Work task: Your answer must match, word for word, the lines from the one holding "General 2560x1600 landscape" through the final line below, with pictures excluded.

Supplied information:
********

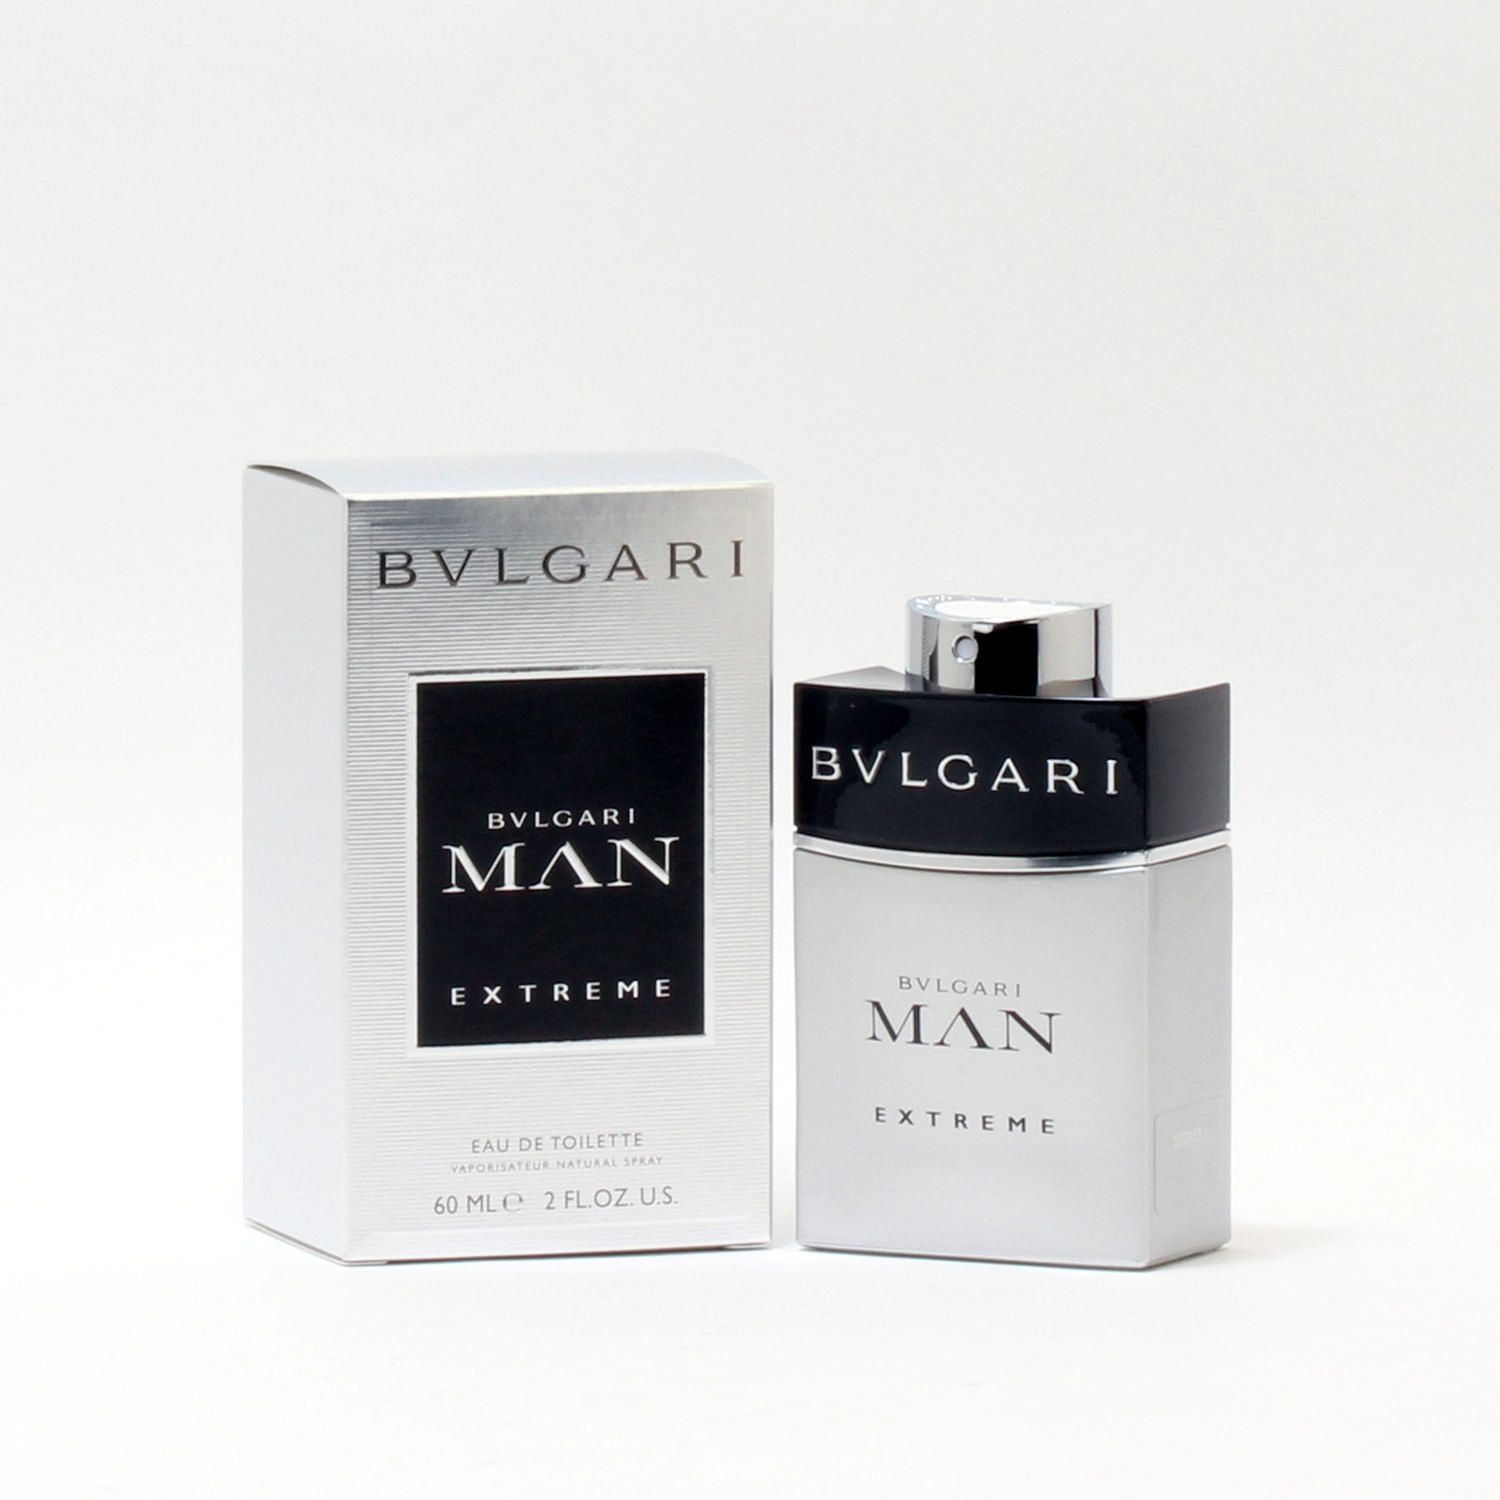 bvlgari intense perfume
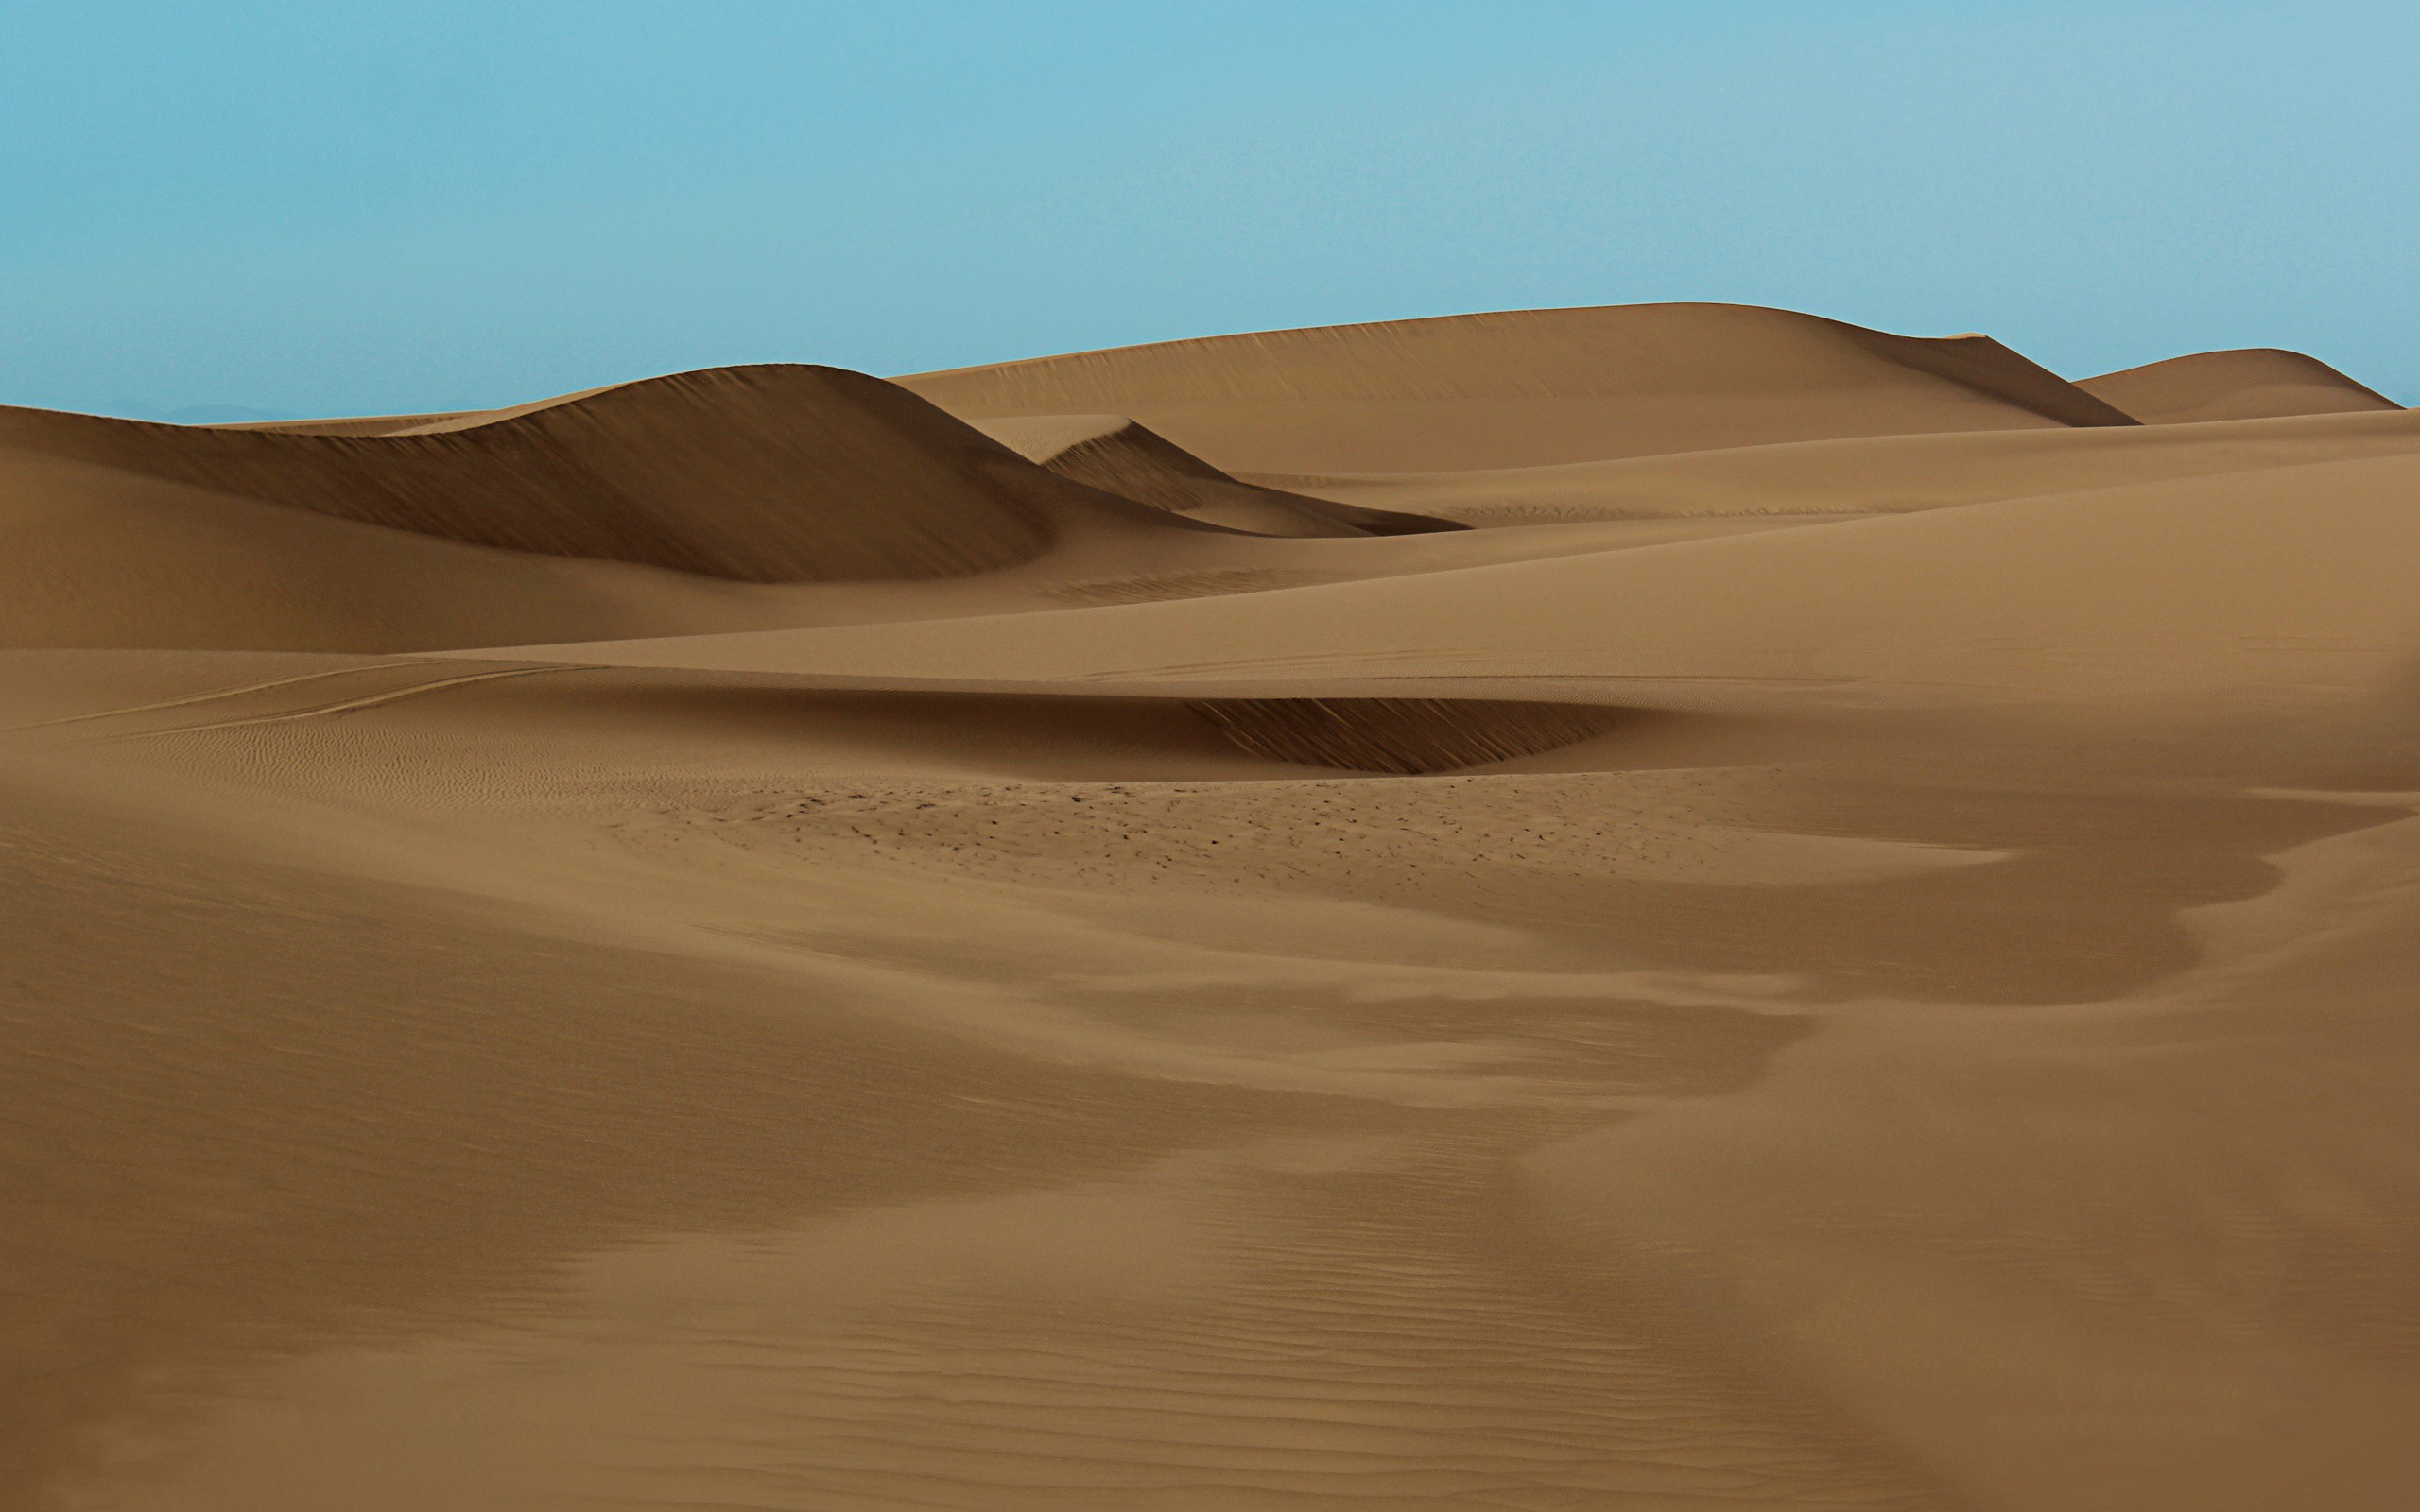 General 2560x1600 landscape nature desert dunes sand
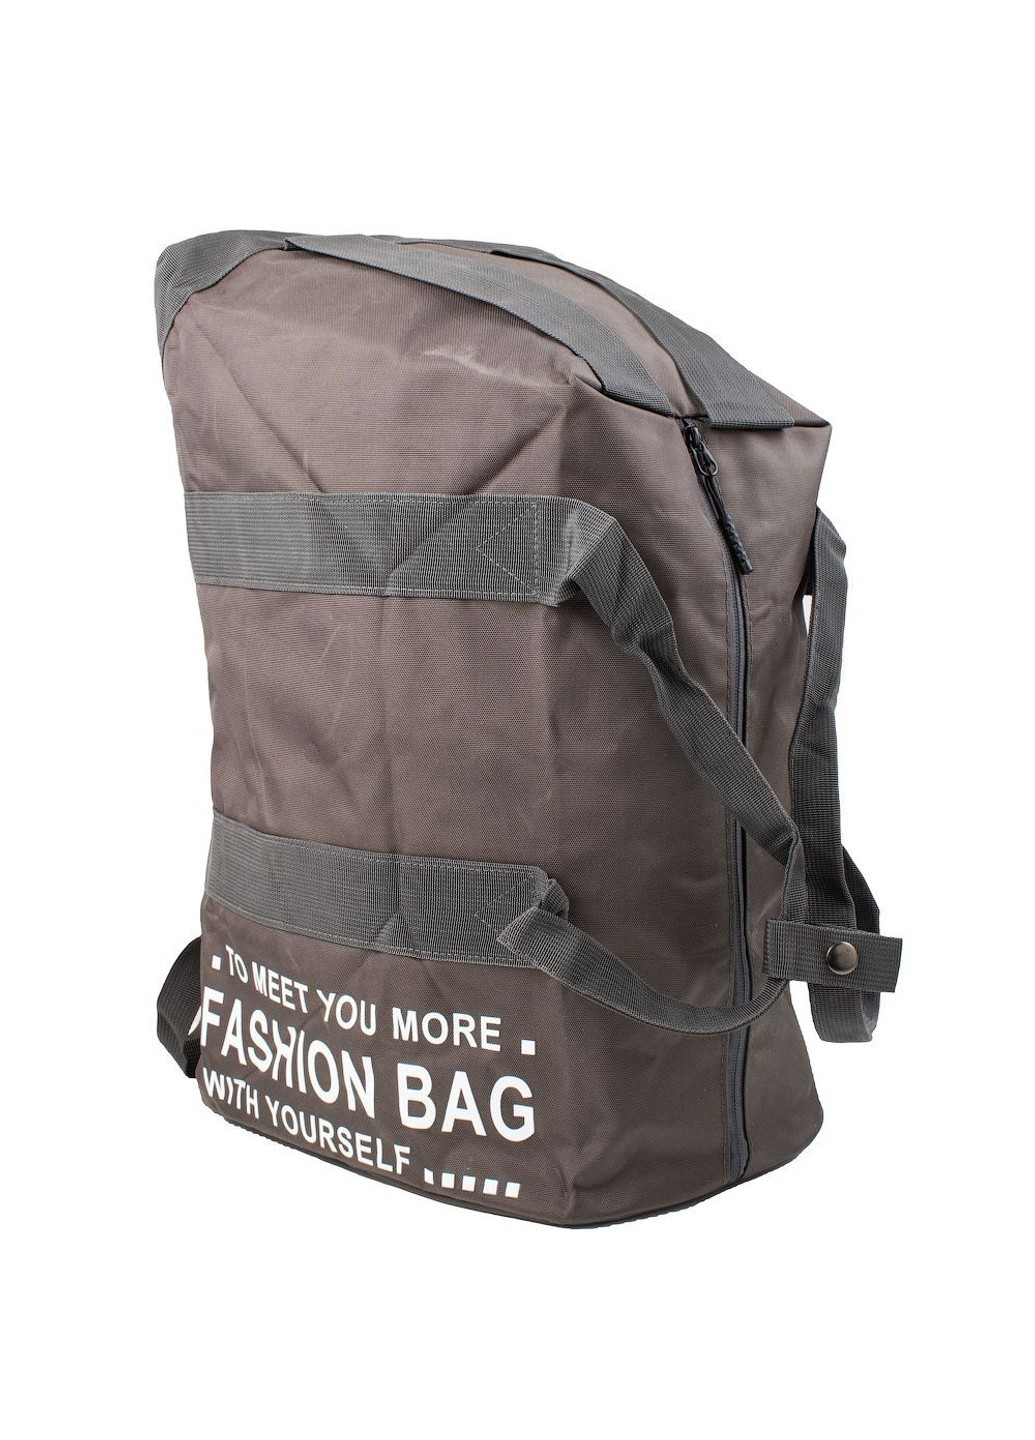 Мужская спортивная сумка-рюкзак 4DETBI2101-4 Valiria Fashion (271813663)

********

Solved problem:
 General 2560x1600 landscape nature desert dunes sand
 Мужская спортивная сумка-рюкзак 4DETBI2101-4 Valiria Fashion (271813663)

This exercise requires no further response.